Bonds are generally considered to be safer than stocks. Bonds are usually tied to company assets and creditors are generally higher up the food chain than ordinary shareholders when it comes to company liquidation and asset disposal. Having said that, there are some companies on the market with stocks that come with bond-like qualities, like The Coca-Cola Company (NYSE:KO), Wal-Mart Stores, Inc. (NYSE:WMT), Exxon Mobil Corporation (NYSE:XOM) and American States Water Co (NYSE:AWR). The bond-like qualities of these companies are their size, sustainable dividend payouts, histories and fiscal prudence.
The Coca-Cola Company (NYSE:KO) has a gearing — gearing is total debt dividend by shareholder equity — level of around 50%, however, interest costs were covered 24 times by EBIT at during the first quarter of this year. The company’s dividend payout is covered more than twice by operating cash flow indicating that the company’s sales would have to fall around 50% before the payout came under pressure — this would equate to nearly $6 billion a quarter, the same as the company’s total sales volume of Diet Coke. The Coca-Cola Company (NYSE:KO) has been paying a dividend consistently since 1920 and an investment in the company made 30 years ago would have returned 2515% to date.
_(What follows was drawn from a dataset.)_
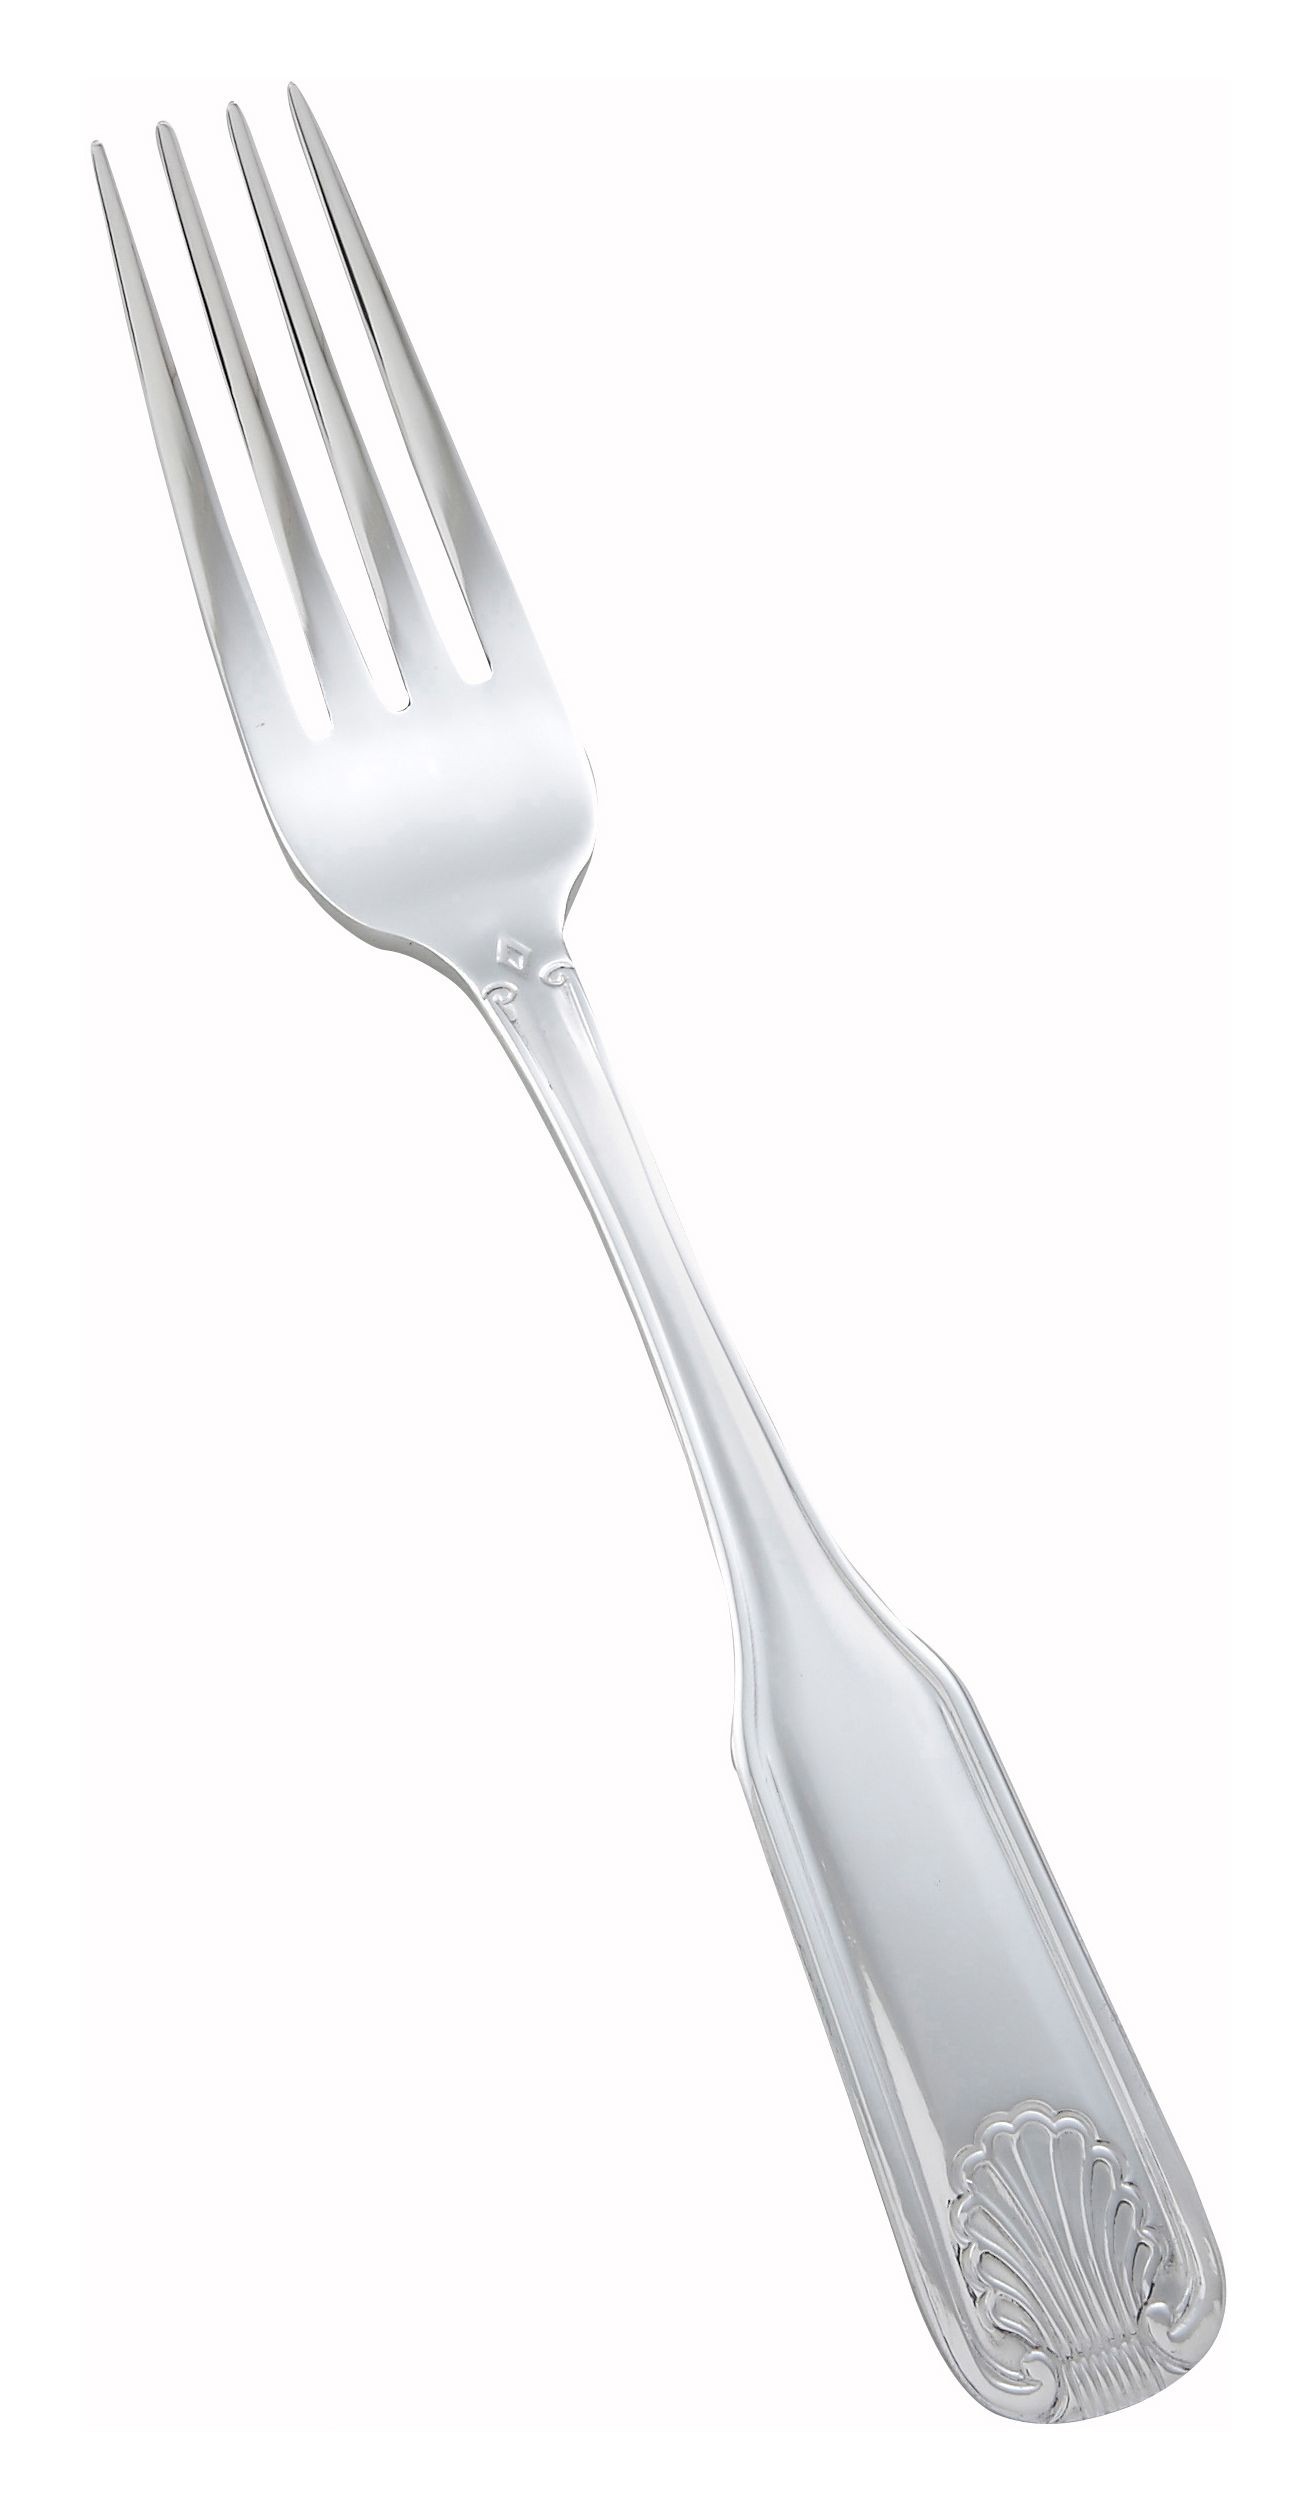 Winco 0006-05 Toulouse Heavy Mirror Finish Stainless Steel Dinner Fork (12/Pack)

Wal-Mart Stores, Inc. (NYSE:WMT) is one of the biggest companies in the world and operates in a highly defensive industry. With sales nearing the half a trillion mark, the company attracts some of the best business managers in the world. Wal-Mart is not going to fail anytime soon. Wal-Mart has a high level of gearing at 60% but interest costs were covered 13 times by EBIT during 2012 and debt has been growing sustainably, no faster than EBITDA. Moreover, Wal-Mart Stores, Inc. (NYSE:WMT)’s total dividend payout is covered five times by net operating cash flow, indicating that the company’s income would have to fall 80% before the payout came under pressure. In addition, the company has been maintaining and increasing its payout every year for the last 38.
Exxon Mobil Corporation (NYSE:XOM) is the biggest company in the world and unlike Apple Inc. (NASDAQ:AAPL), which briefly overtook Exxon as the largest last year, Exxon is going to keep the crown. One of Exxon’s key strengths is the fact that it’s boring, as result, the company’s shares are stable. Exxon has a very low level of gearing, at only 8% of equity; this means that the company’s financial position looks better than that of most company bonds. Furthermore, Exxon’s net operating cash flow totaled $56 billion during 2012, which covered the dividend payout 5.6 times. Investors could be worried that Exxon’s falling production from ultimately a finite asset will at some point in the future affect cash flows. However, the company’s production would have to fall more than 50% before cash flows came under significant pressures. Exxon Mobil Corporation (NYSE:XOM) has been paying and increasing its dividend payout every year for the past 30 years. The company has been around in some form since the beginning of the last century and dividends have always flowed to stakeholders.